Database SYSUDTLIB is linked with database DBC and is only restored if DBC is restored. SYSUDTLIB cannot be specified as an individual object in a RESTORE statement.

If database DBC is involved in a restore operation, it is always restored first, followed by database SYSUDTLIB. If additional databases are being restored, they follow SYSUDTLIB in alphabetical order.
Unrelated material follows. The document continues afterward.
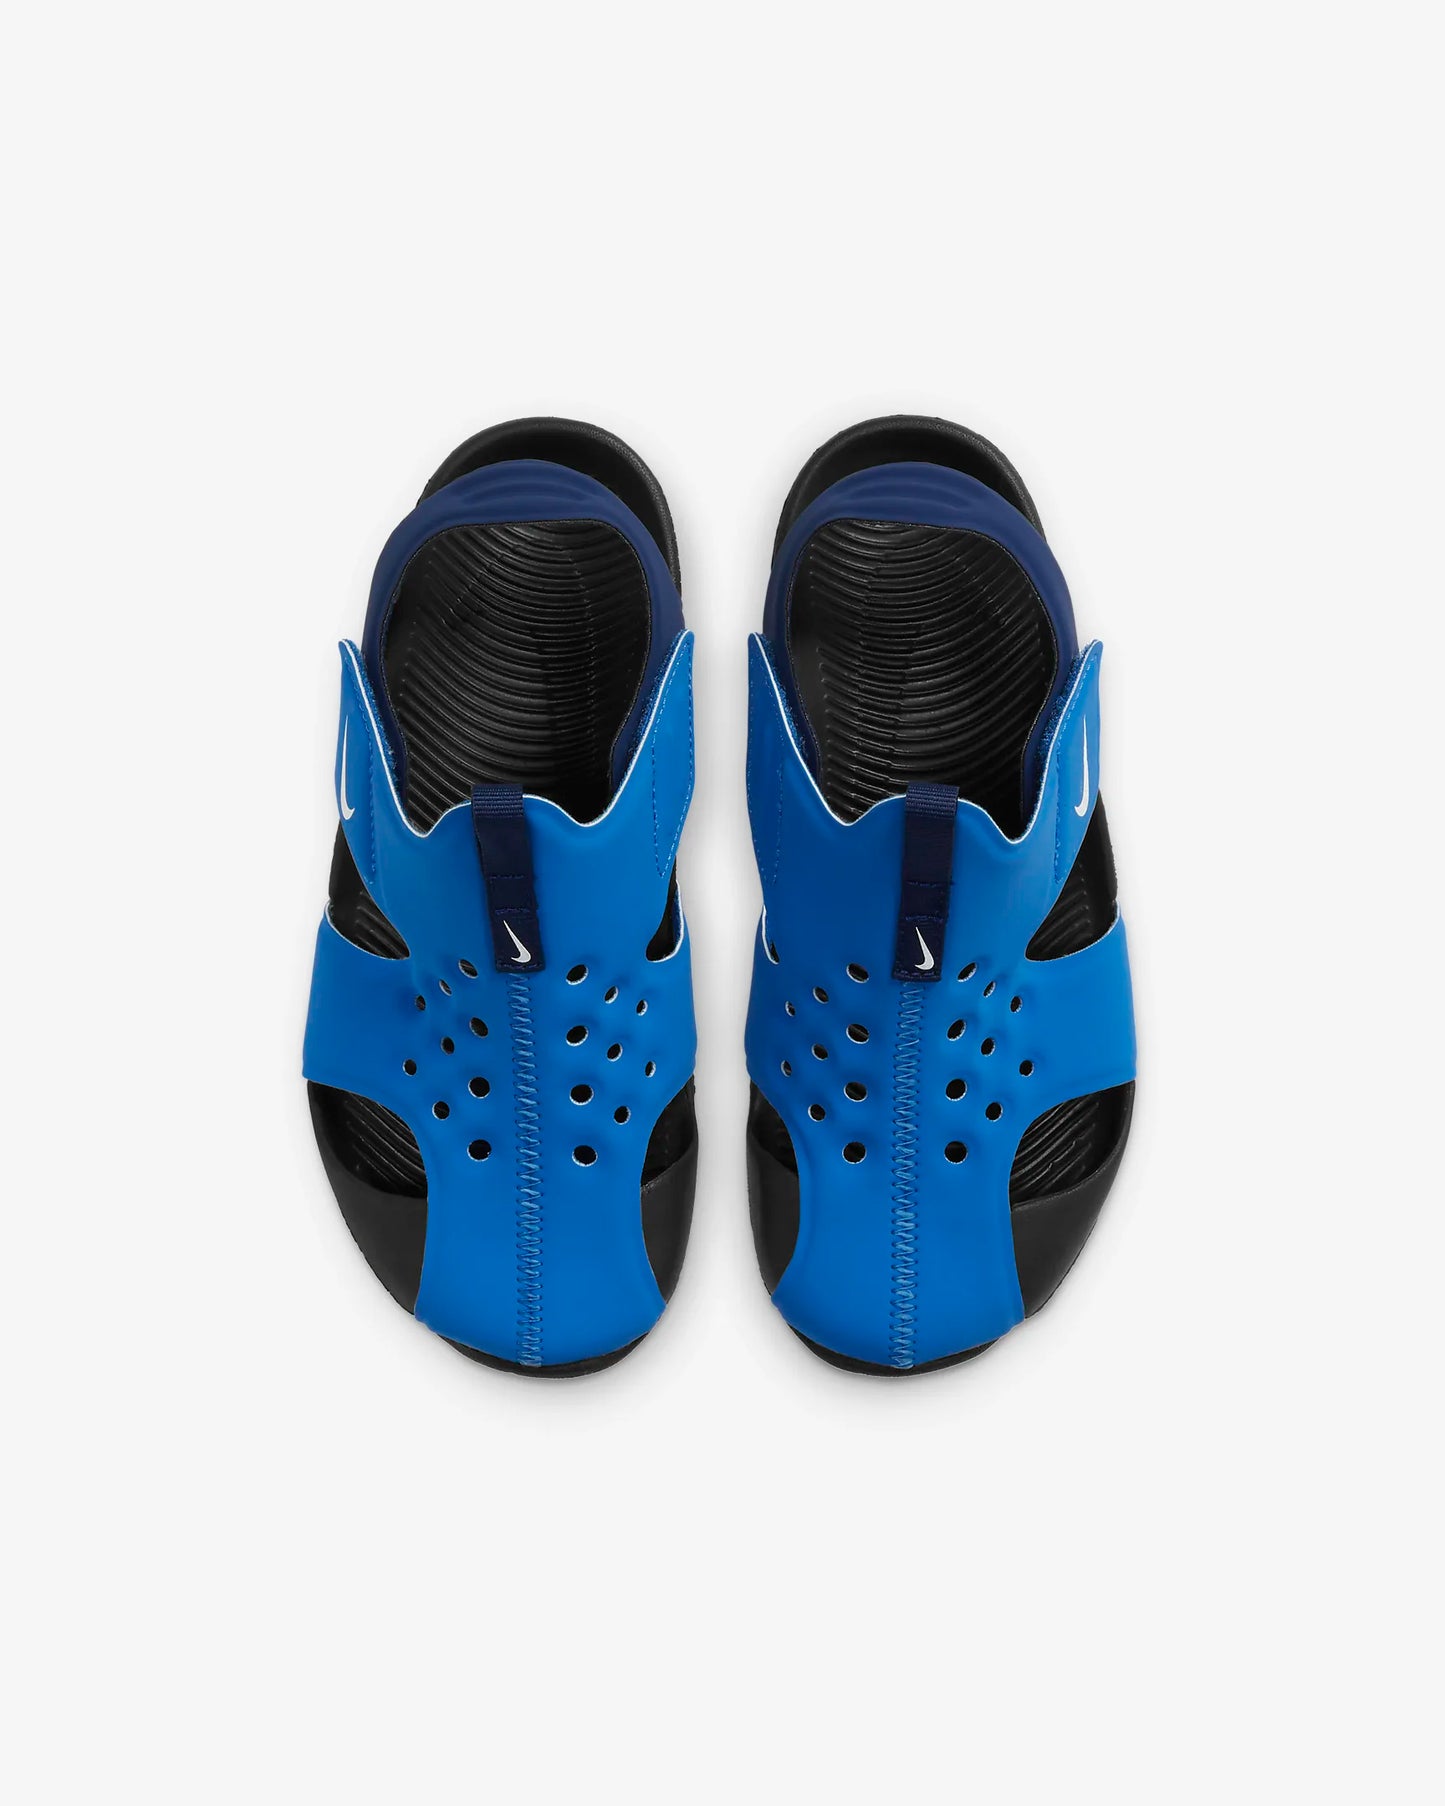 - Nike Kids Sunray Protect 2 BLUE - (943826-403) - SUN - R1L9

An all-AMPs restore or a specific AMP restore can use archive files created by any of the following:

  • An all-AMPs archive
  • A cluster archive
  • A specific AMP archive
  • An archive of selected partitions

During a restore of a Teradata Database, Teradata ARC issues messages in the following format as it restores different types of objects:

"UDFname" - n,nnn,nnn BYTES, n,nnn,nnn ROWS RESTORED
"procedurename" - n,nnn,nnn BYTES, n,nnn,nnn ROWS RESTORED
"macroname" - MACRO RESTORED
"methodname" - METHOD RESTORED
"methodname" - n,nnn,nnn BYTES, n,nnn,nnn ROWS RESTORED
"tablename" - n,nnn,nnn BYTES, n,nnn,nnn ROWS RESTORED
"triggername" - TRIGGER RESTORED
"UDTname" - TYPE RESTORED
"viewname" - VIEW RESTORED

When all tables are restored, Teradata ARC issues this message:

STATEMENT COMPLETED

At the start of a restore, or after a system restart, all offline AMPs are listed in the output log.

After each restore, compare the contents of the output log with listings of tables that were restored to determine which tables were not restored to offline AMPs.
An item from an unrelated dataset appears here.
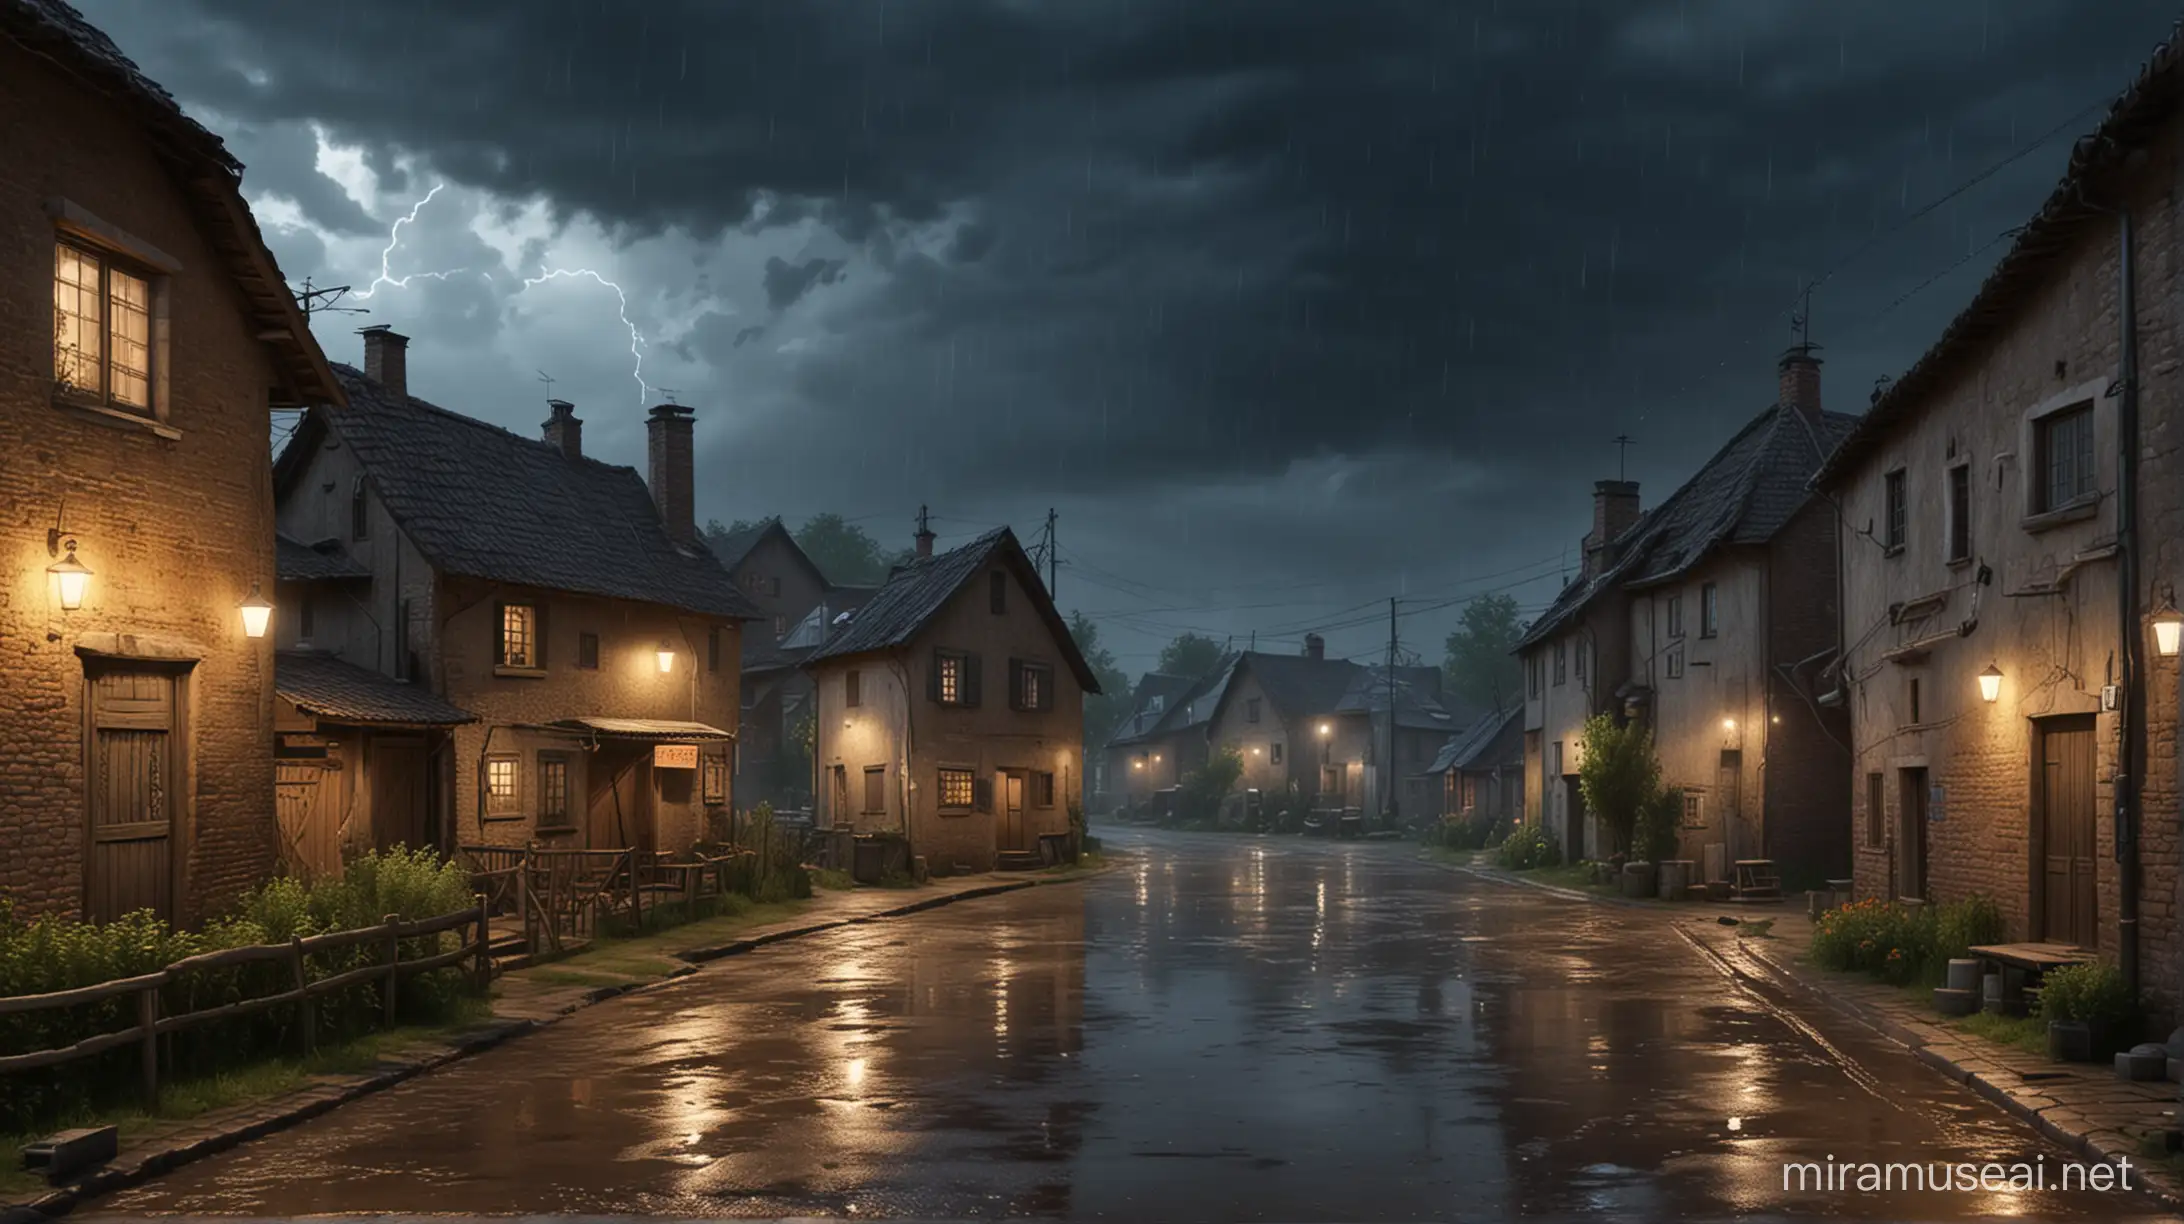 Rainy Night Village Scene with Cloudy Sky

Teradata ARC supports duplicate rows in a restore operation. However, if a restart occurs during the restore of a table with duplicate rows, the duplicate rows involved in the restart might be removed.
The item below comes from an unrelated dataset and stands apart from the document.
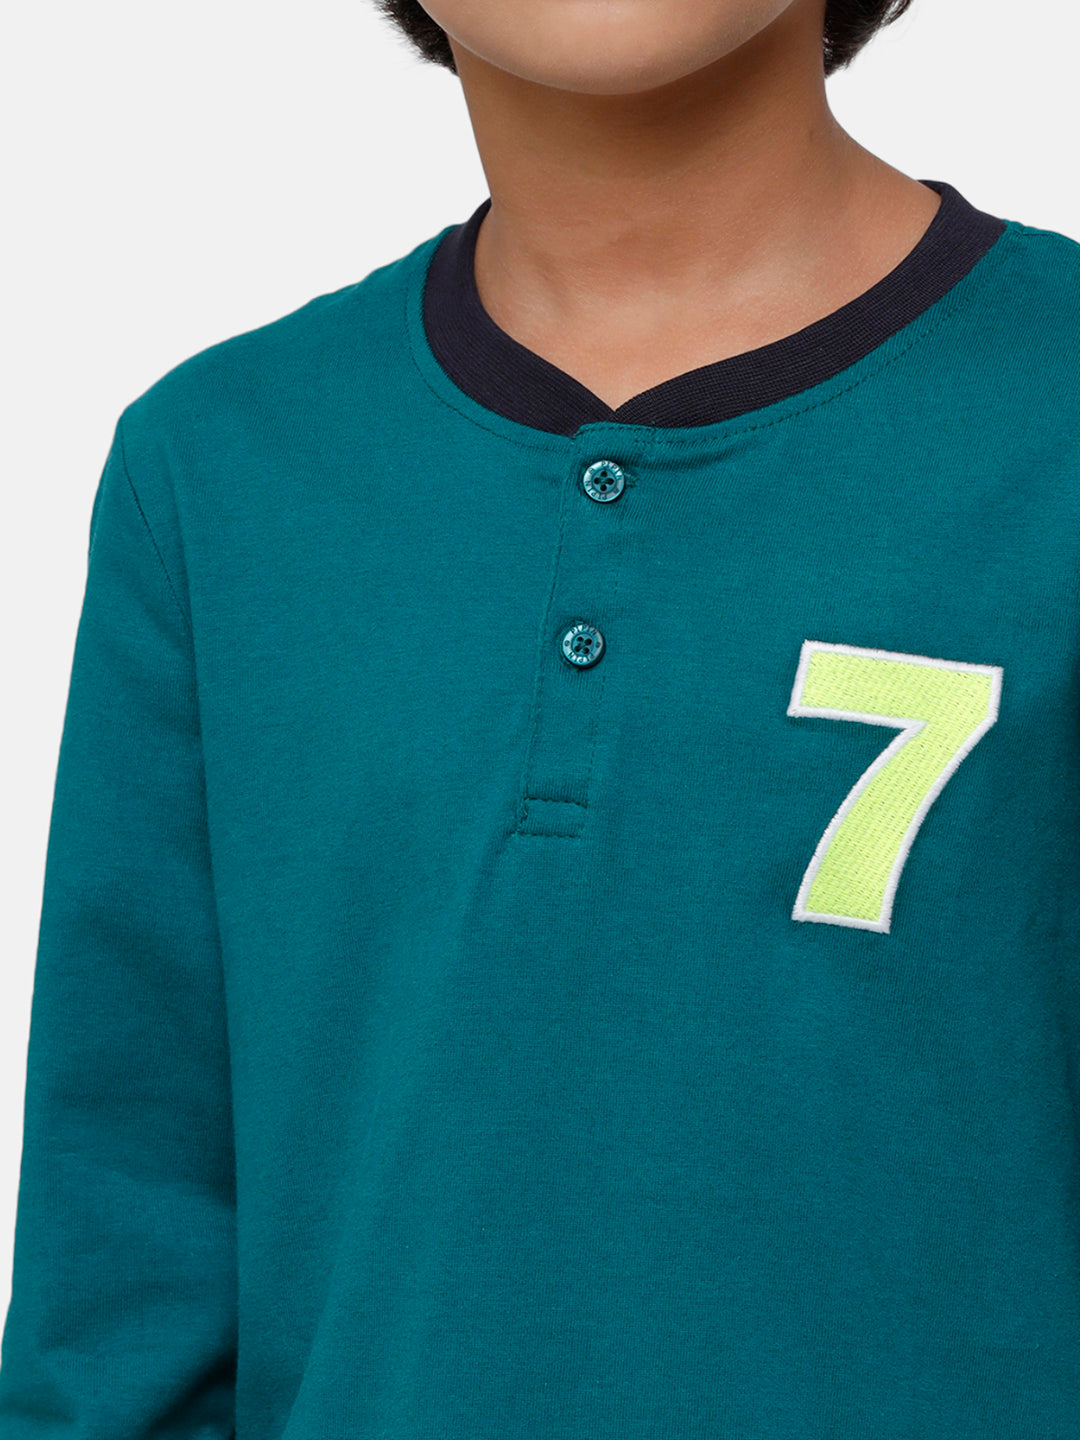 Kids - Boys Printed Full Sleeve T-Shirt Teal Green

When a database or table restores from an older version source system with a different configuration, it affects the time and space required to restore data to the destination system. The data must be redistributed among the new set of AMPs. The system uses a different algorithm to copy and restore when the number of AMPs is different between the source and destination systems. This new algorithm is usually faster when the configurations are different. The old algorithm may be faster in some restricted situations.

Unique secondary indexes are distributed across all AMPs. Therefore, RESTORE does not rebuild unique secondary indexes, even if the indexes are in a cluster that is not being restored. Use the BUILD statement to build and revalidate unique indexes.